Consider an array-based queue on which you need to perform a dequeue…
2024
Consider an array-based queue on which you need to perform a dequeue operation. You can implement this either using stack operations (push and pop) or using the queue's own native operations (enqueue and dequeue) directly. Assume both approaches always return the same output. Identify the correct difference between the two approaches.
- A.
They will have different time complexities
- B.
The memory used will not be different
- C.
There are chances that output might be different
- D.
No differences
Show answer & explanation
Correct answer: A
A queue guarantees FIFO removal. Two ways to realize a queue's dequeue return the SAME sequence of elements but cost different amounts of work per call. With the two-stack simulation (an input stack and an output stack), an element is pushed once onto the input stack and, whenever the output stack runs dry, transferred -- popped from the input stack and pushed onto the output stack -- before it can finally be popped and returned.
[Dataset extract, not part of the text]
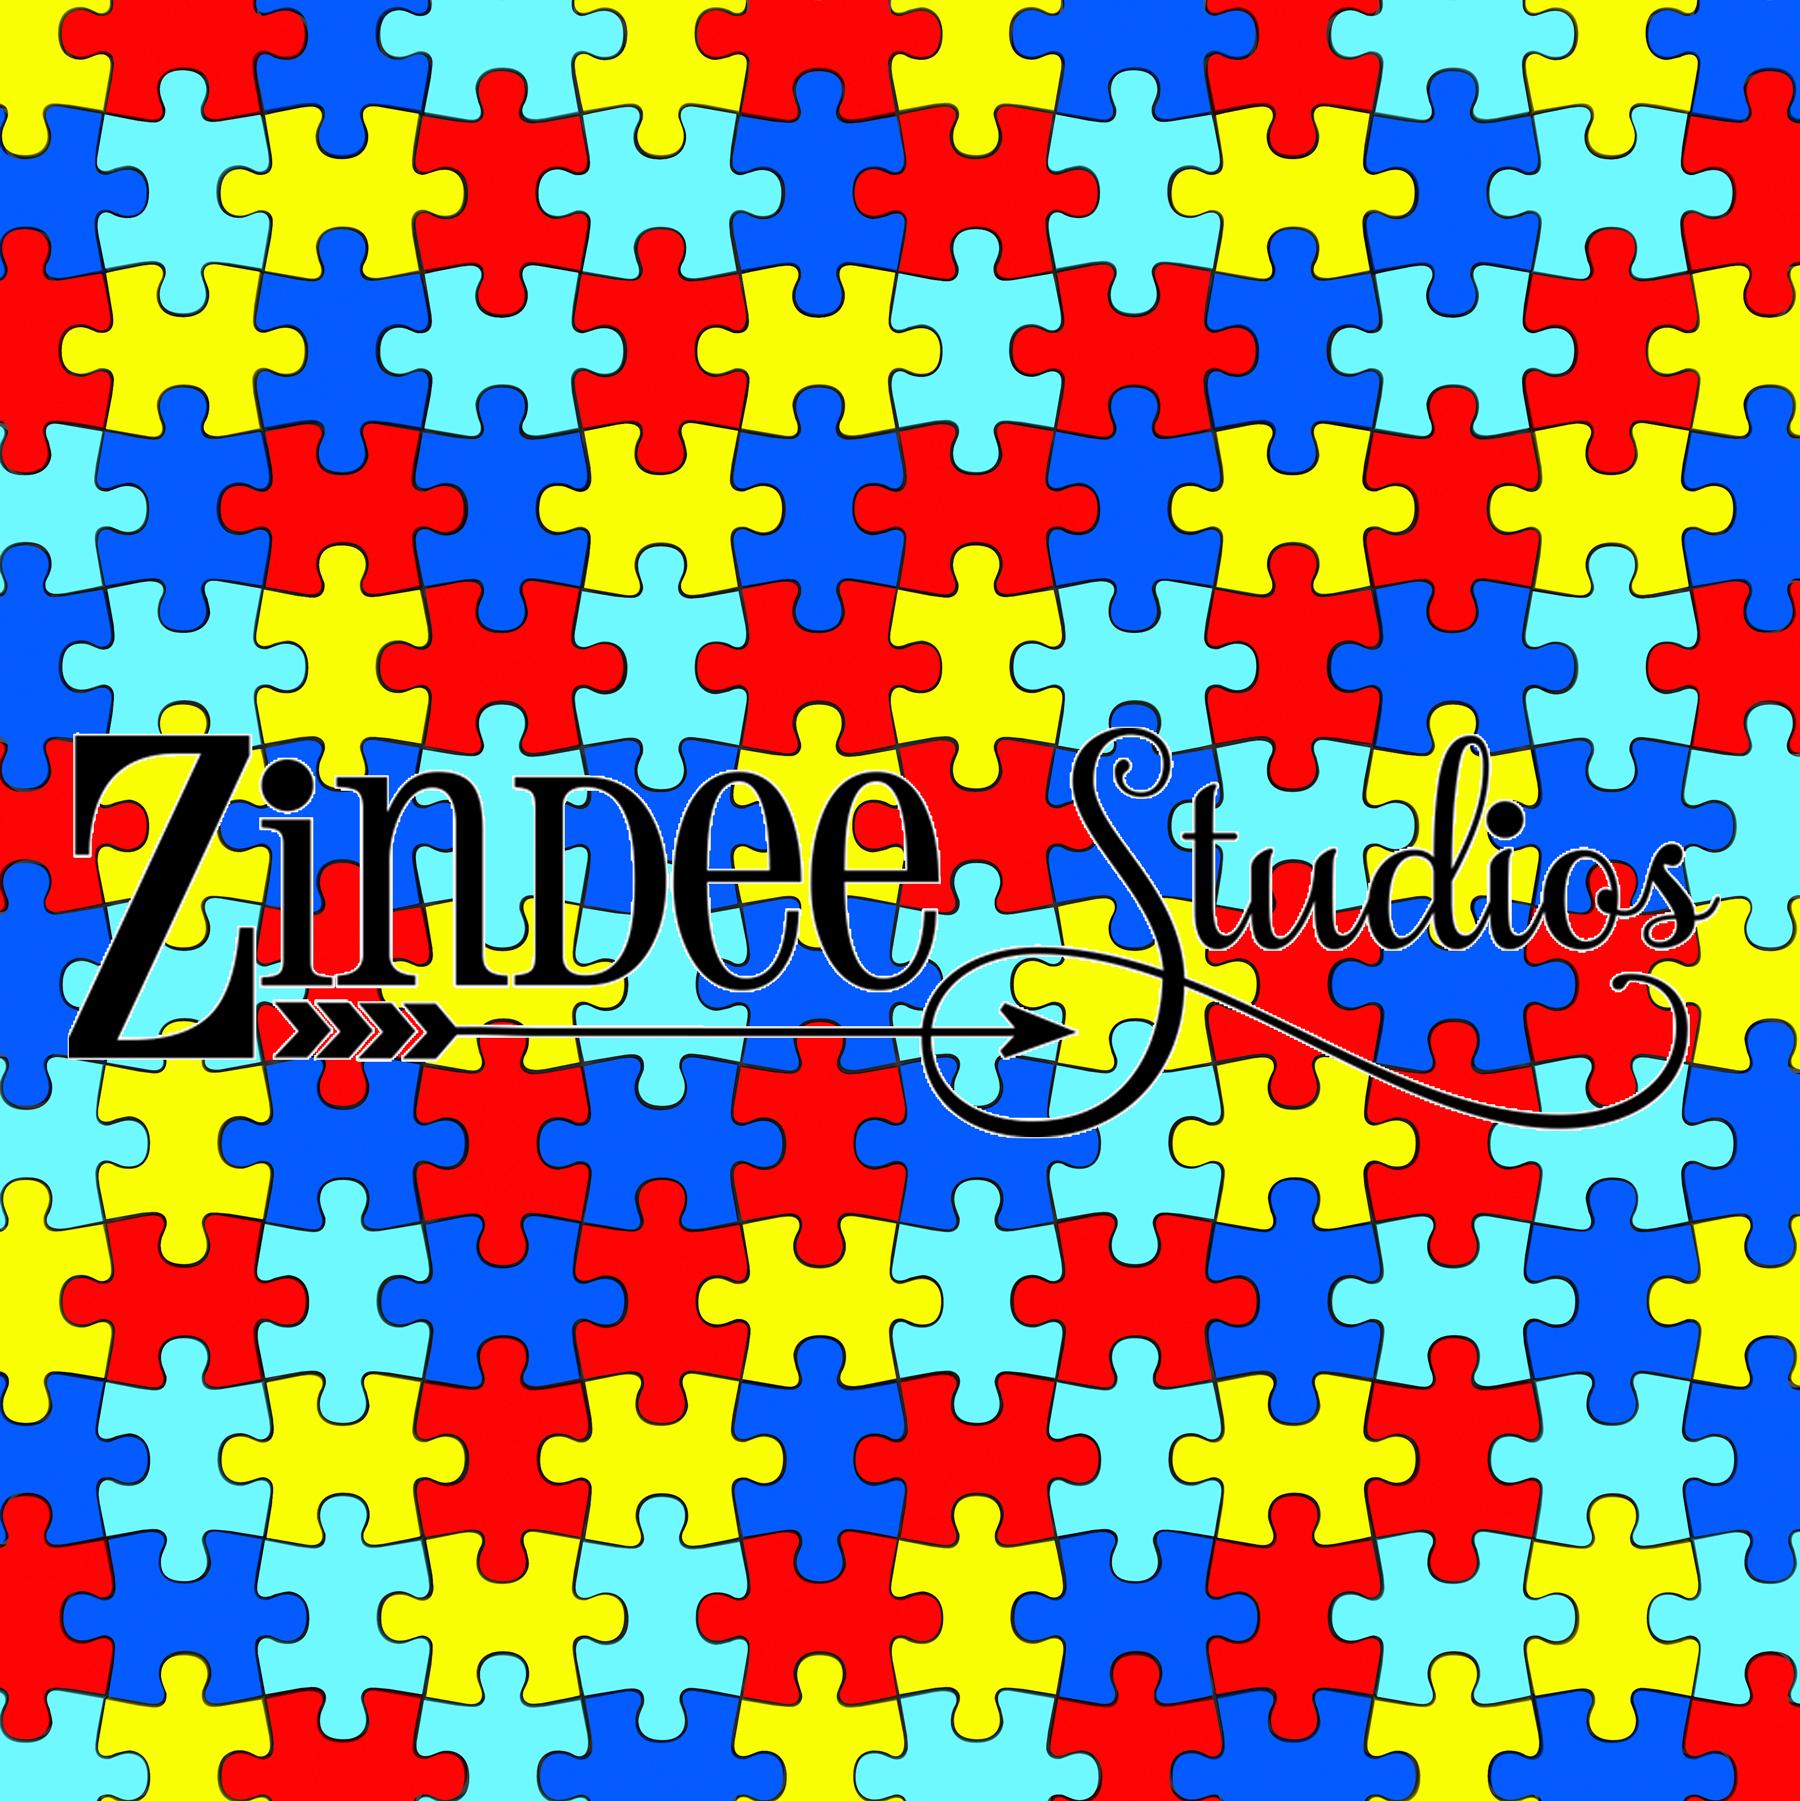 Autism Puzzle Piece – Zindee Studios - Puzzle Print Htv

A properly-implemented native queue (tracked via a front index/pointer, not a naive shifting array) instead removes the front element directly in one step on every single call, with no transfer step at all.
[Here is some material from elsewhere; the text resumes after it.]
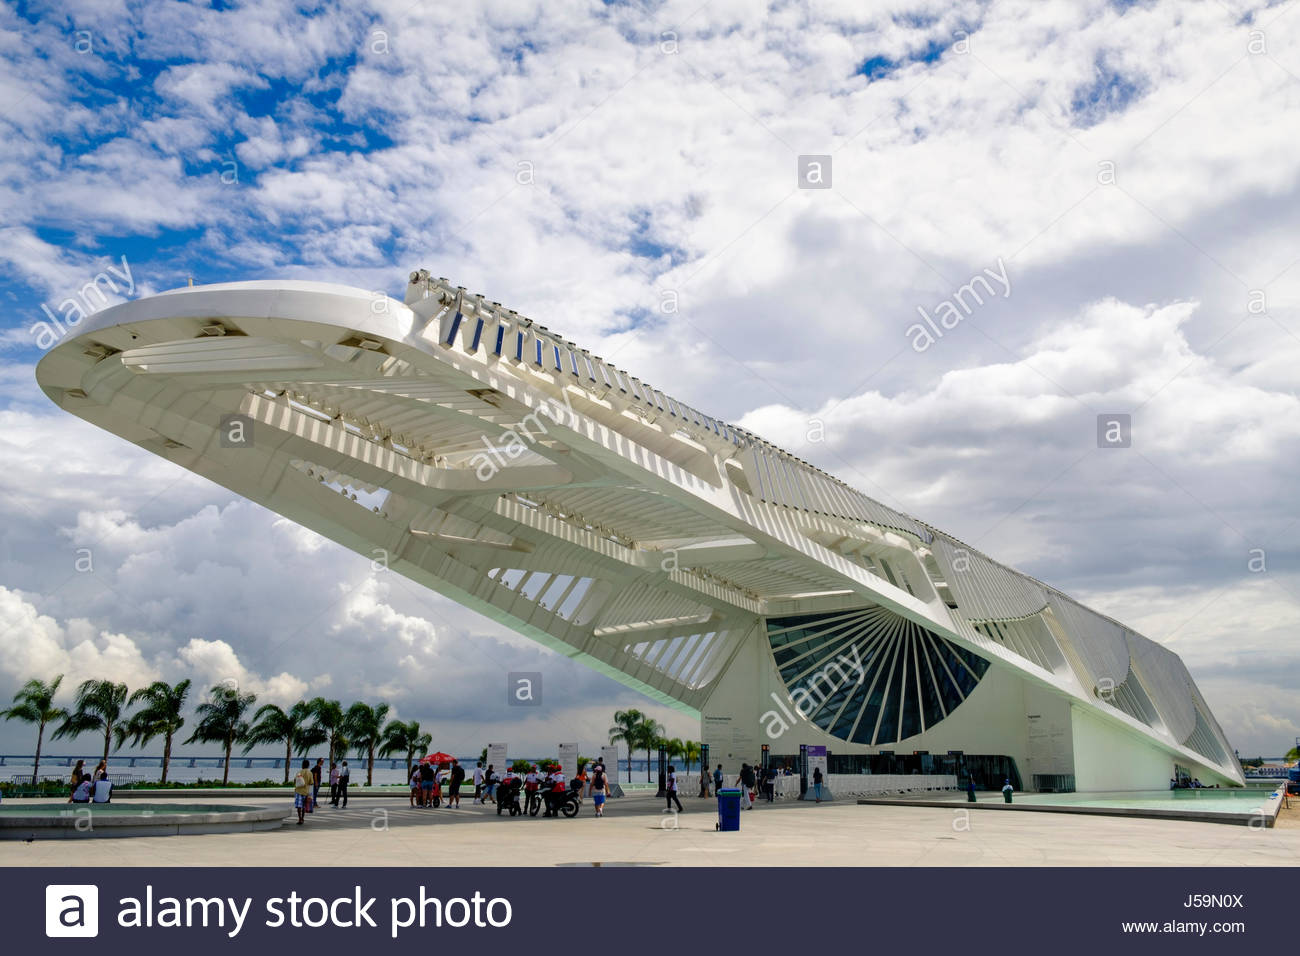 Santiago Calatrava's Museum of Tomorrow in Rio de Janeiro, Brazil - Stock Image

Enqueue a, b, c using only push: the input stack holds [a, b, c] with c on top.
First dequeue: the output stack is empty, so every element is transferred — pop c, push c; pop b, push b; pop a, push a — onto the output stack, which now holds [c, b, a] with a on top; pop a and return it. This single dequeue did O(n) work (n = 3 transfers).
Second dequeue: the output stack already holds [c, b] with b on top, so simply pop and return b — O(1) work, no transfer needed.
A native queue with a front index instead removes a in one O(1) step for every dequeue call, including the very first one, since no reversal is ever required.
Averaged over many operations, the stack-based transfers amortize to O(1) per dequeue, since each element is pushed and popped at most twice across its lifetime -- but any SINGLE dequeue call that finds the output stack empty costs O(n) in the worst case, a spike a properly-implemented native queue's dequeue never has (it is always exactly O(1), call after call). So it is specifically the worst-case, per-call time complexity that differs between the two approaches, even though -- as the question guarantees -- both always return identical output and both cost O(1) on amortized average. The stack-based approach also needs a second auxiliary stack that the native queue never allocates.
The genuine, correct-option-matching distinction between the two approaches is that their worst-case time complexities differ -- that is what "different time complexities" refers to here.